Wo nehme ich welche Änderungen in der awstats_updateall.pl vor ?

Danke und Grüße Finshu


----------



## Neurodeamon (21. April 2005)

awstats.pl liegt richtig in einem gültigen cgi-Verzeichnis. Eine schöne Anleitung findet sich unter debianhowto.de:
http://www.debianhowto.de/howtos/de/awstats/c_awstats.html#awstats_howto

Hmm, ich habe die schon einmal angegeben. Ich würde mal vorschlagen das Du die liest, damit erübrigen sich die Fragen eigentlich ...


----------



## finshu (24. April 2005)

Hallo Neurodeamon_,_ 

leider klärt sich mit der Doku mein Problem nicht!
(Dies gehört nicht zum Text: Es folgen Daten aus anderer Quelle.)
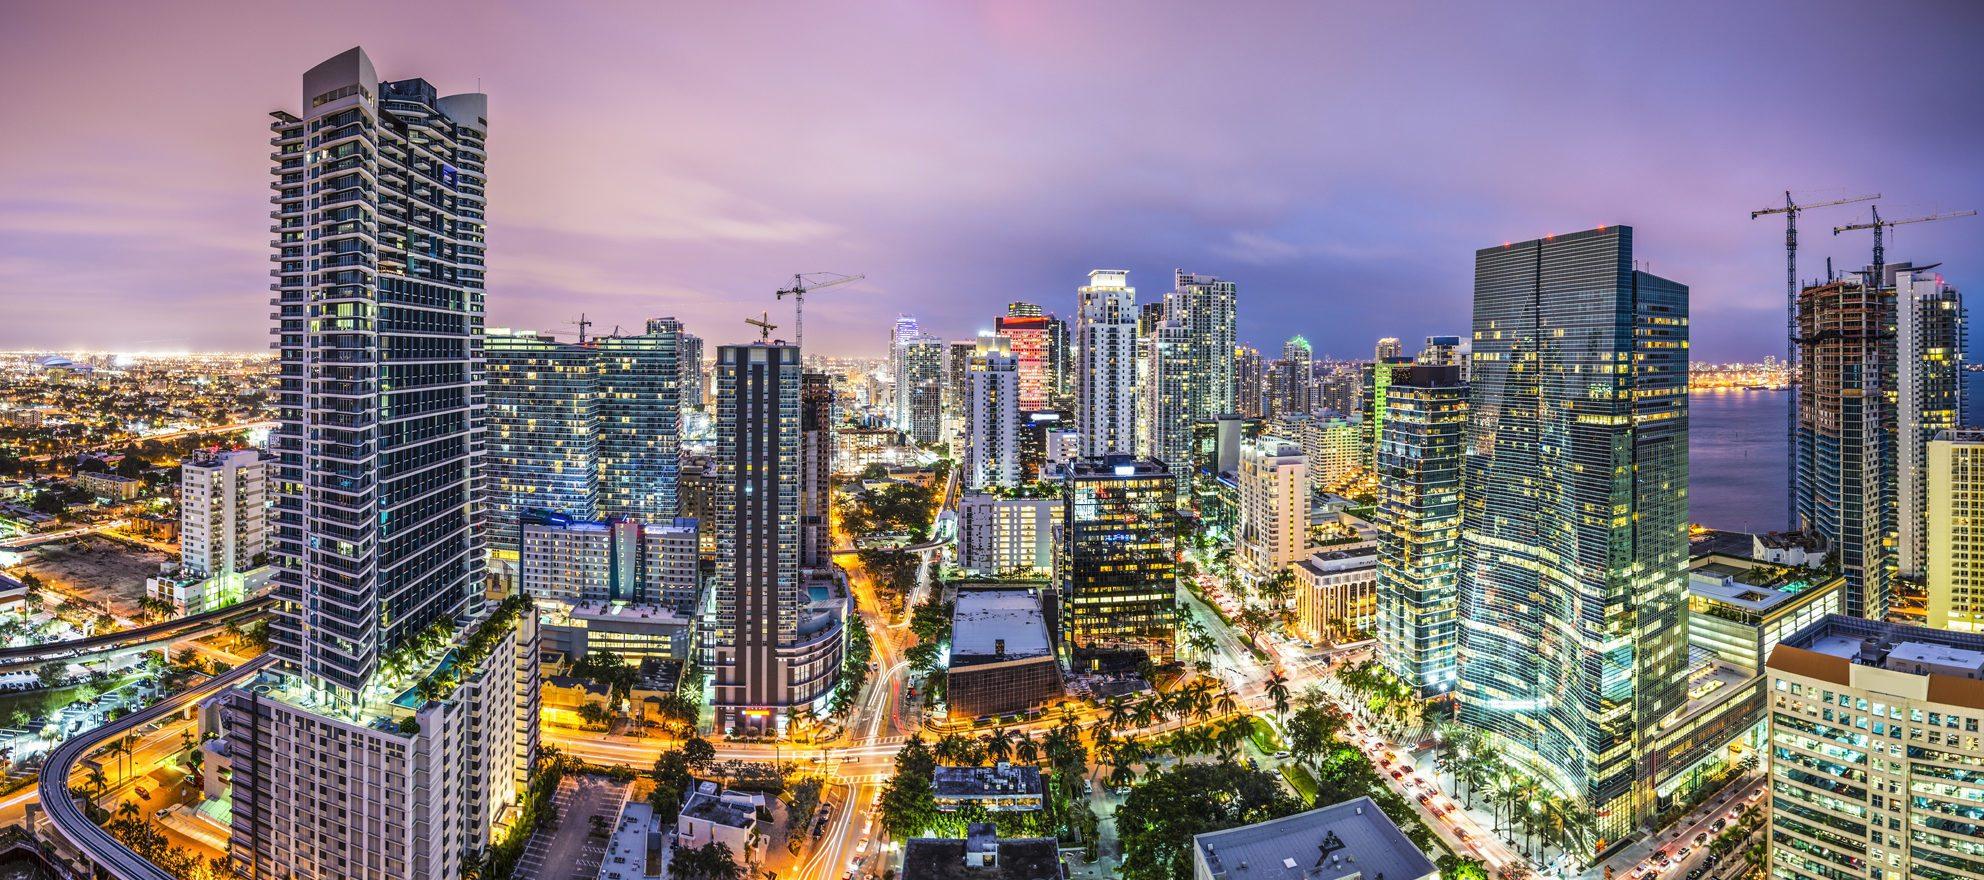 Miami brokerage

Ich habe die update all im cgi-bin-Verzeichnis und den Cronjob wie folgt angelegt ...
/home/www/webxx/html/cgi-bin/awstats_updateall.pl now -awstatsprog=/home/www/webxx/html/cgi-bin/awstats.pl

was stimmt hier nicht? Muss man innerhalb der Updateall auch noch Änderungen vornehmen?

Danke und Grüße
Finshu


----------



## Neurodeamon (25. April 2005)

Nein, die ganze Konfiguration läuft über die .conf (für jede Statistik eine eigene .conf - z. B. für unterschiedliche Domains über den selben Host oder für jede Subdomain eine eigene Statistik).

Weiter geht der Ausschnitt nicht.